Approach
Build, buy, and the leash on the AI
Three opinions that decided how the systems on this site were built. They are not universal laws. They are what I would defend in a design review.
Build is a last resort that I reach for more than most
The default should be to buy. Vendors have spent years on problems you have spent an afternoon on, and most internal tools are a maintenance liability wearing a demo's clothes. I believe that, and I still build more than most people — because the test is not "can I build this," it is "is the thing I need actually for sale, at a price the company will keep paying, without bending our model to fit the tool's."
Five times that test failed and the answer was to build: node-level Kubernetes posture nobody priced sanely; cross-cloud IAM reachability the affordable tools simply did not model; a finding model that had to match how we actually classified risk rather than how a product wished we did; alert enrichment where the vendor option triaged generically while the work needed our context and a human in the thread; and privileged-access management as a Slack-native bounded-trust workflow rather than a six-figure portal nobody opens. In each case "buy" meant paying a premium to still not have the thing. That is when building is the conservative choice, not the indulgent one.

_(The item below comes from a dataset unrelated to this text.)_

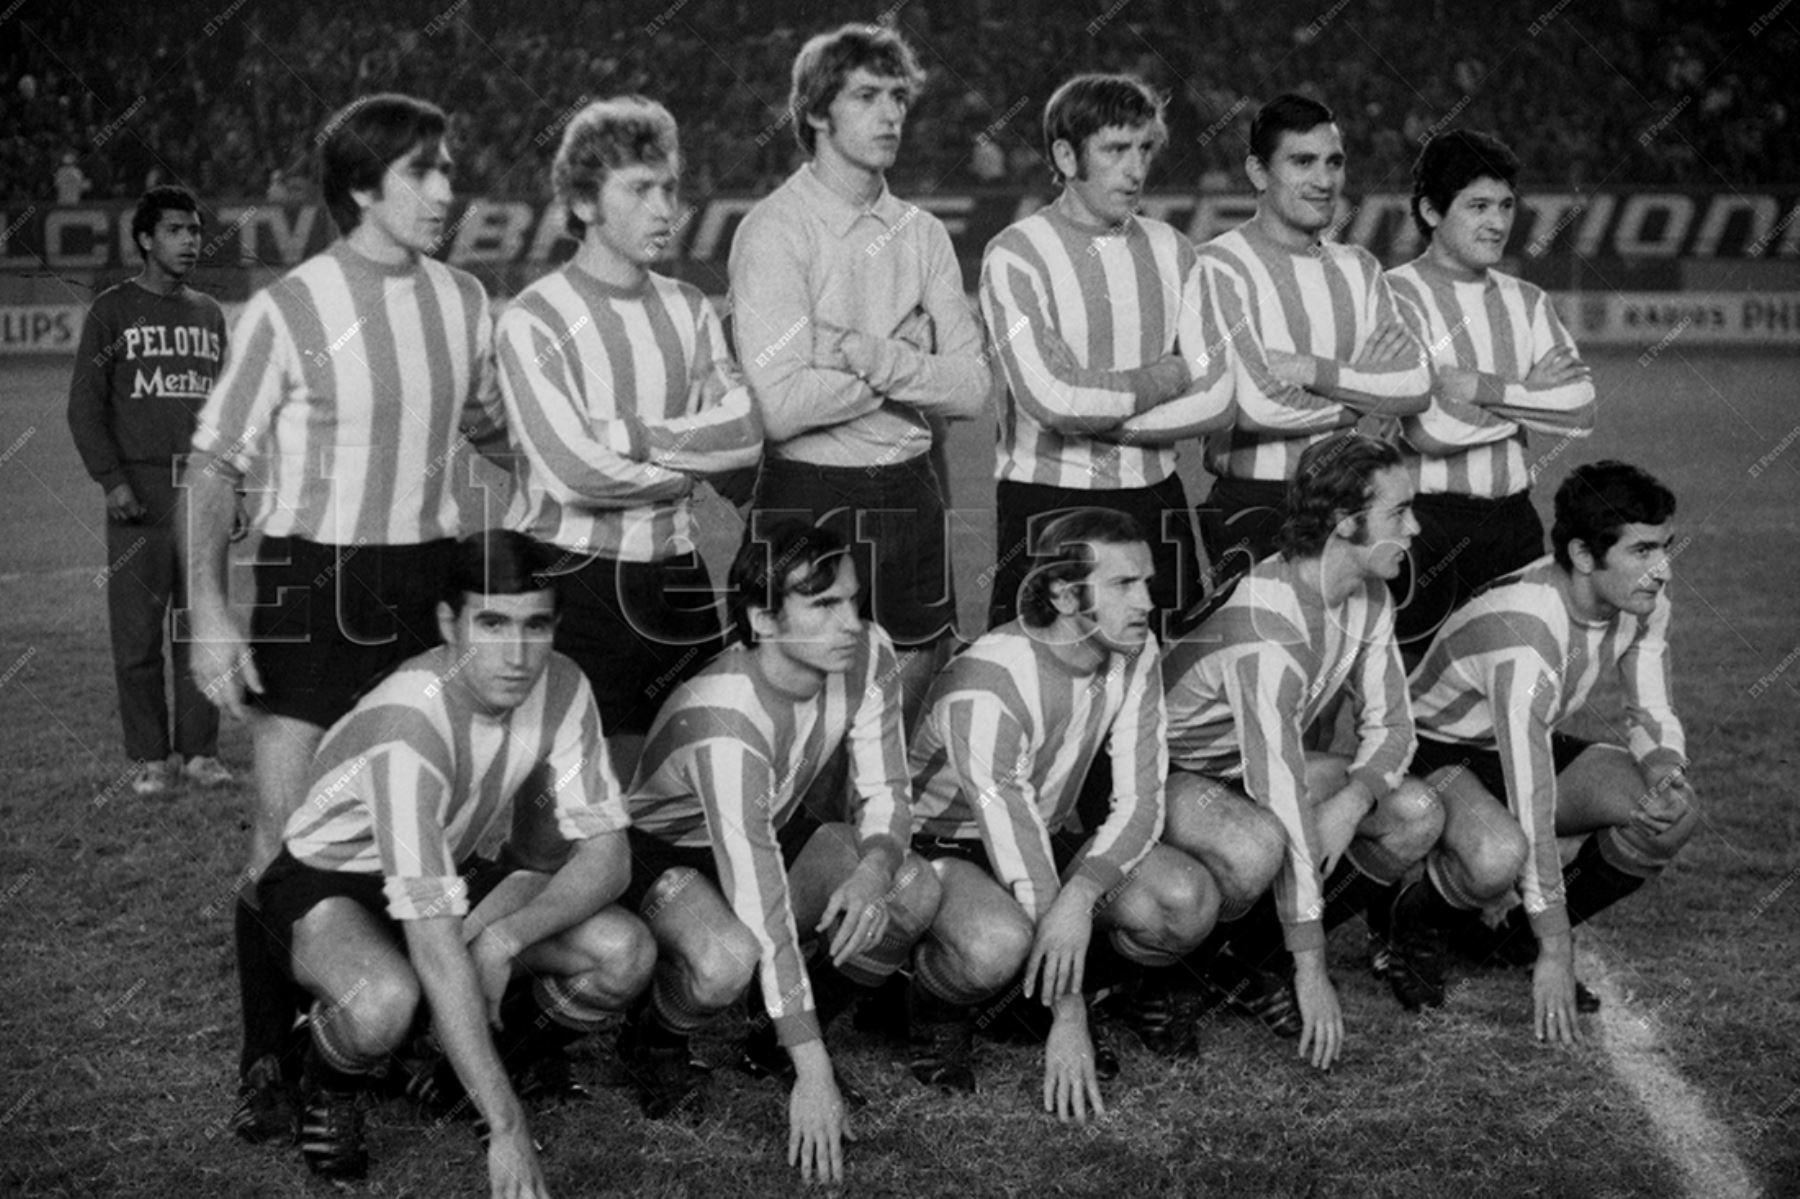 Lima - 9 junio 1971 / el cuadro tricampeón de Estudiantes de La Plata que cayó ante Nacional de Uruguay  por 2-0 en la final de Copa Libertadores disputada en el Estadio Nacional de Lima.  Foto Archivo Histórico de El Peruano
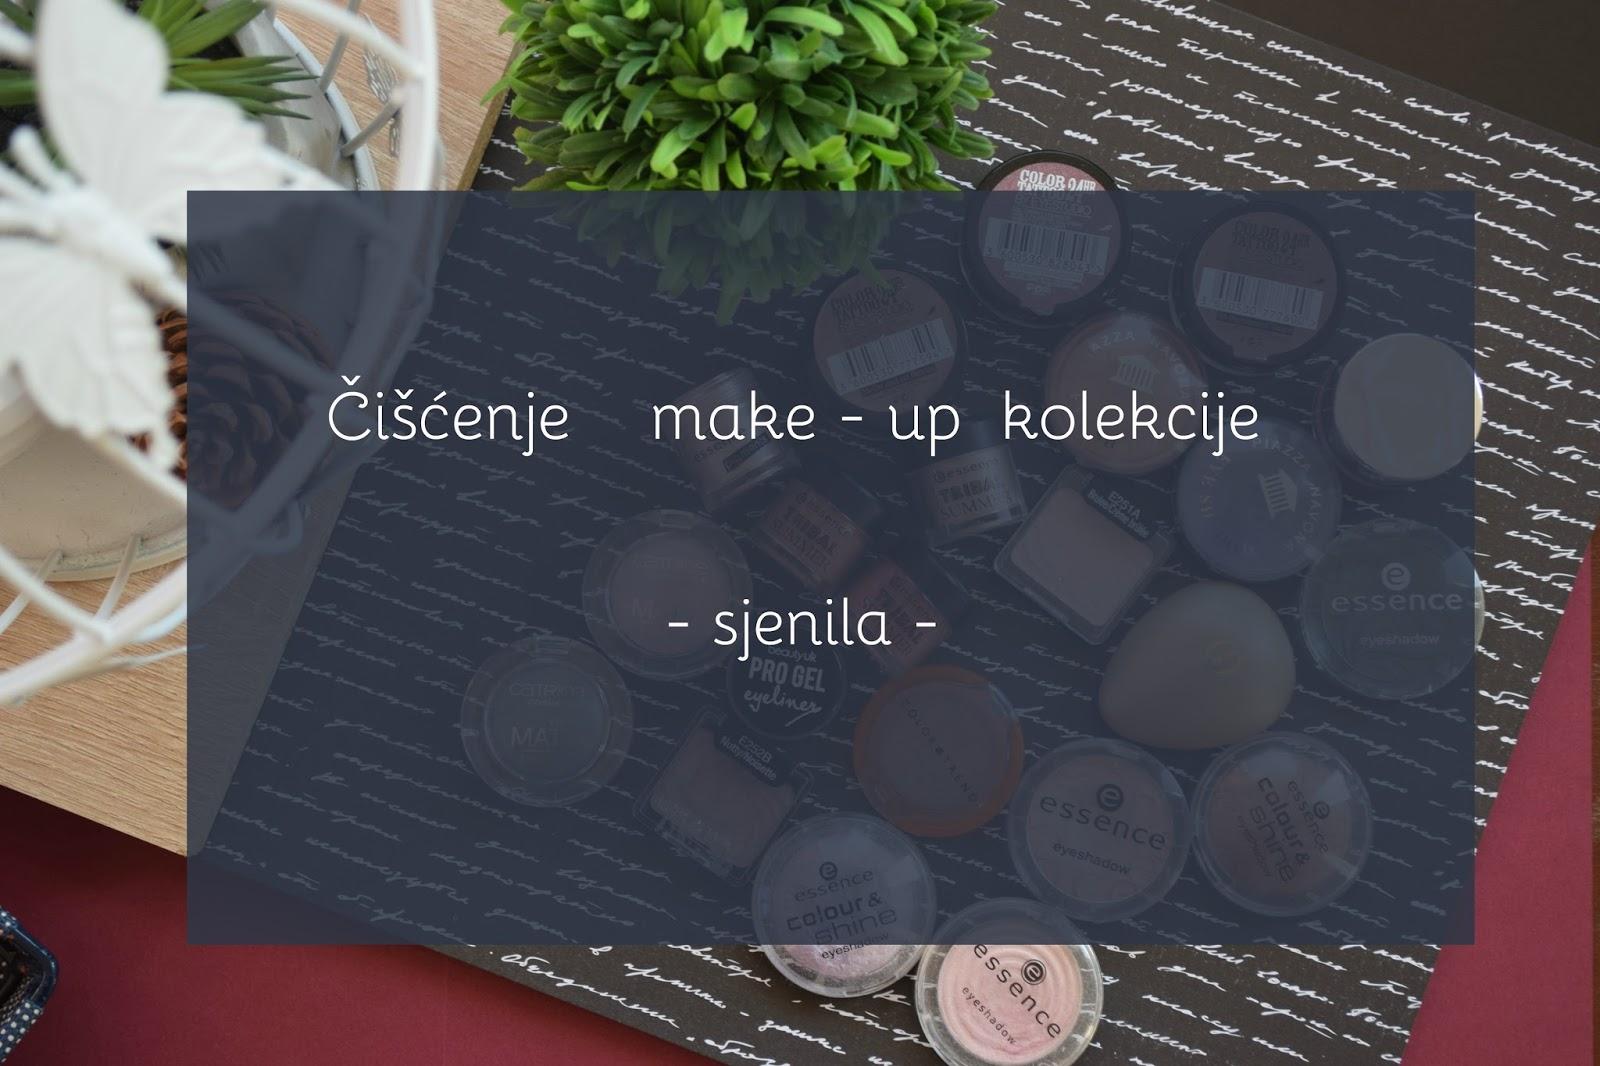 Čišćenje-make-up-kolekcije-mono-sjenila-declutter

Cost is a design input, not a line item you discover later
A security tool that cannot survive a budget review is not a security tool — it is a future gap with a dashboard. So price is something I design against from the first sketch, the same way I design against latency or blast radius.
In practice that means ephemeral compute instead of standing services, interruptible capacity with a run that resumes cleanly, and persistence chosen for durability and price rather than habit. IAMGuru runs for roughly eight dollars a month not because it is small but because the number is the point: at that price nobody ever asks whether the analysis is worth keeping on, and the analysis is what matters. Cheap infrastructure is how you protect expensive thinking.
The AI is an assistant with its hands tied, and that is the feature
AI is genuinely a force multiplier in security work — triage, enrichment, the first pass over a noisy queue. I use it for exactly that and no further. The agents in Pentagon and the alert pipeline in Watchman run with deterministic settings for anything that classifies, a scoped read and write surface, no destructive actions, logged inputs and outputs, and a human on every disputed call.
This is deliberately less autonomous than the demos, and the restraint is the engineering. An agent that can act on production without review is not an efficiency; it is an incident waiting for the right prompt, in a domain where the adversary writes the prompts. The useful question is never "how autonomous can this be." It is "what is the worst thing this can do before a human sees it," and then making that answer small. Bounded AI is not AI held back. It is AI made shippable in a place where being wrong is expensive.
The common thread is ownership: of the problem, the model, the running cost, and the failure modes. Tools come and go. Owning why the thing exists and what happens when it breaks is the part that does not transfer to a vendor — so that is the part worth doing well.